## GIVEN DATA
☆ ☆ ☆
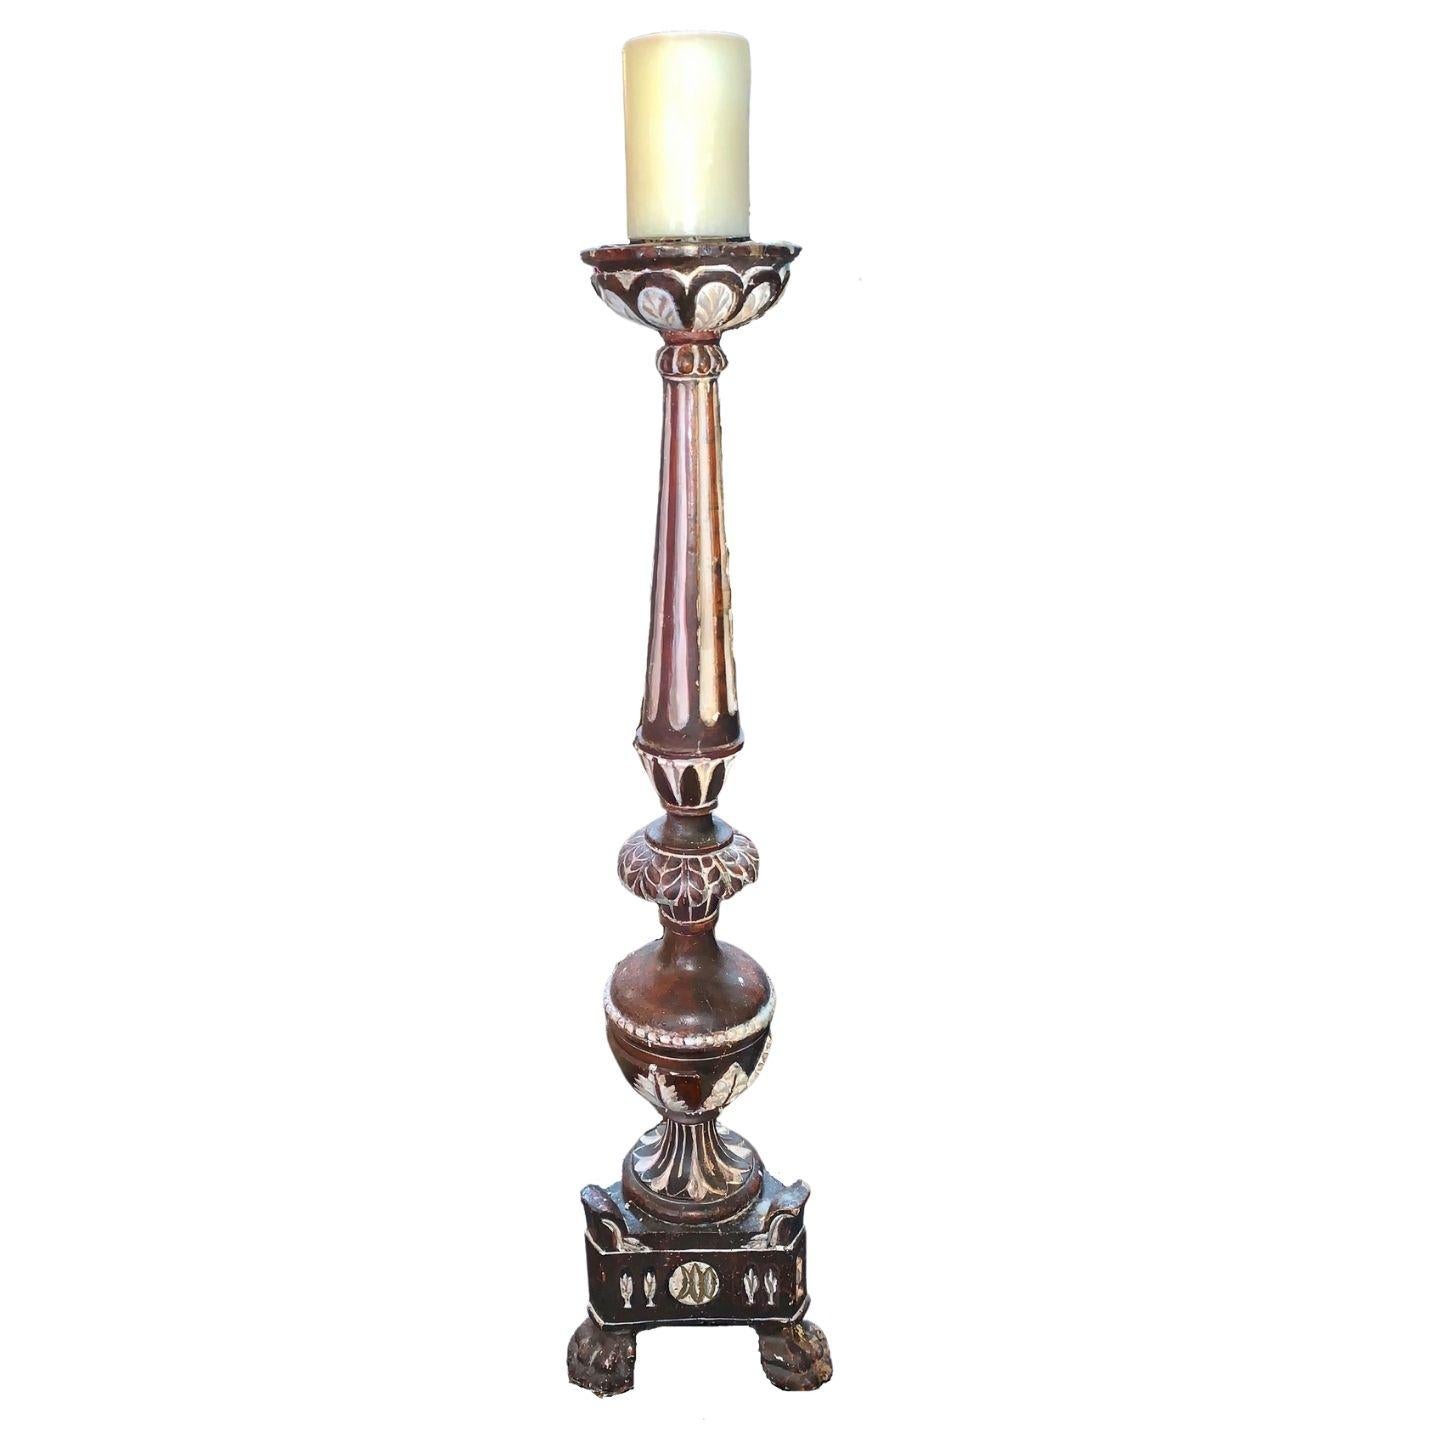 19th century large candlestick with engravings in the wood

(not sold with candle).
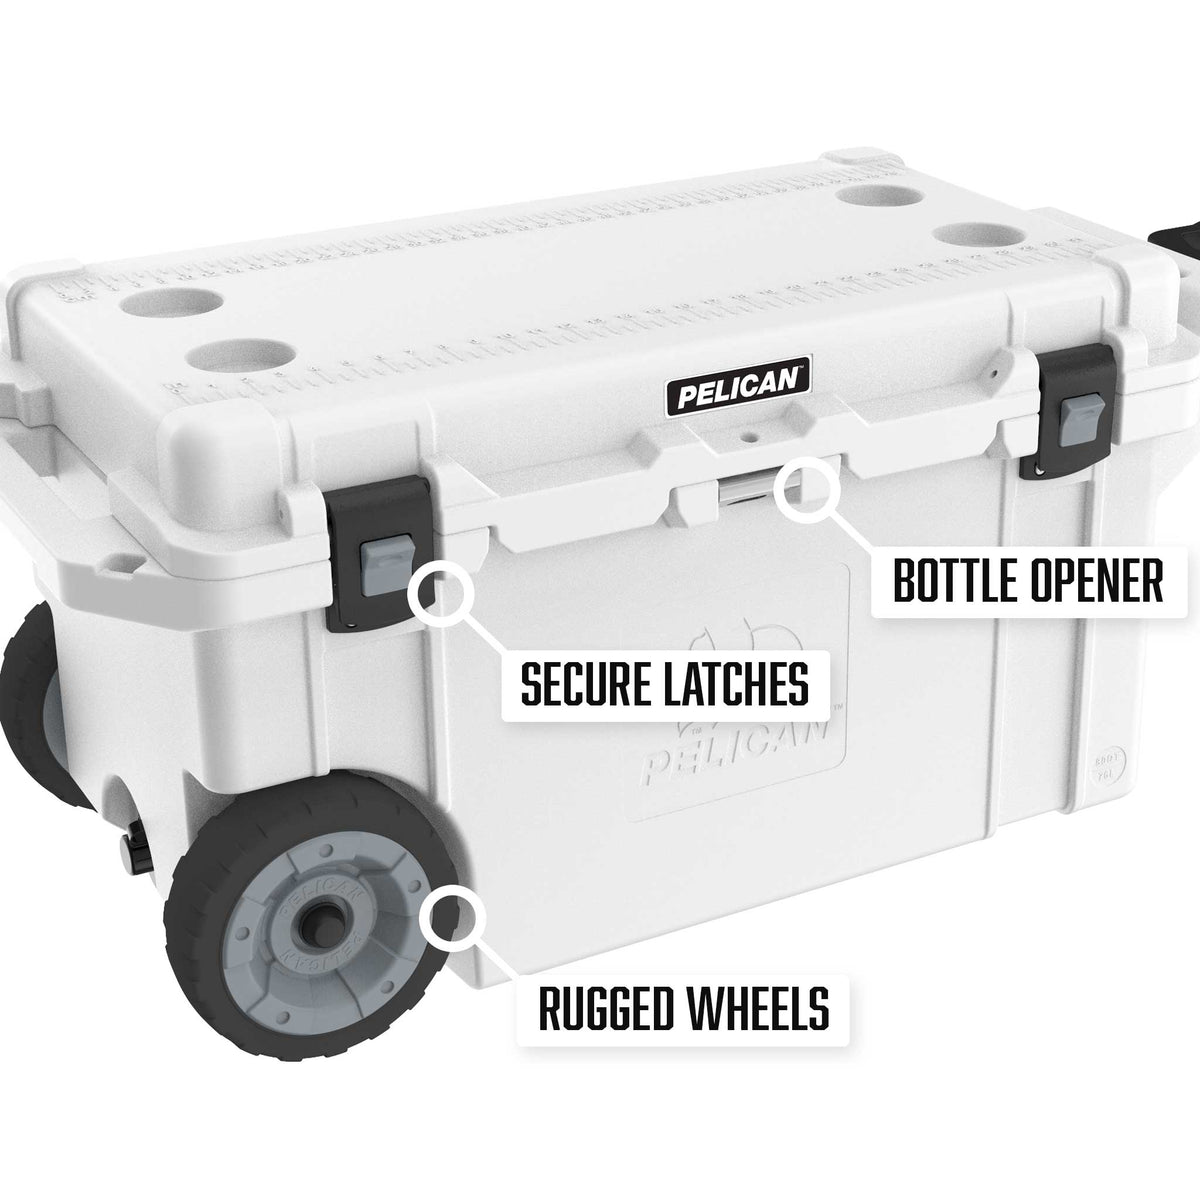 Pelican 80QT Elite Wheeled Cooler  has secure latches, rugged wheels, and a built in bottle opener
☆ ☆ ☆
## BRIEF
Reproduce the whole listing word for word, setting aside any pictures.

## SOLUTION TO THE PROBLEM
 19th century large candlestick with engravings in the wood

(not sold with candle).
 Pelican 80QT Elite Wheeled Cooler  has secure latches, rugged wheels, and a built in bottle opener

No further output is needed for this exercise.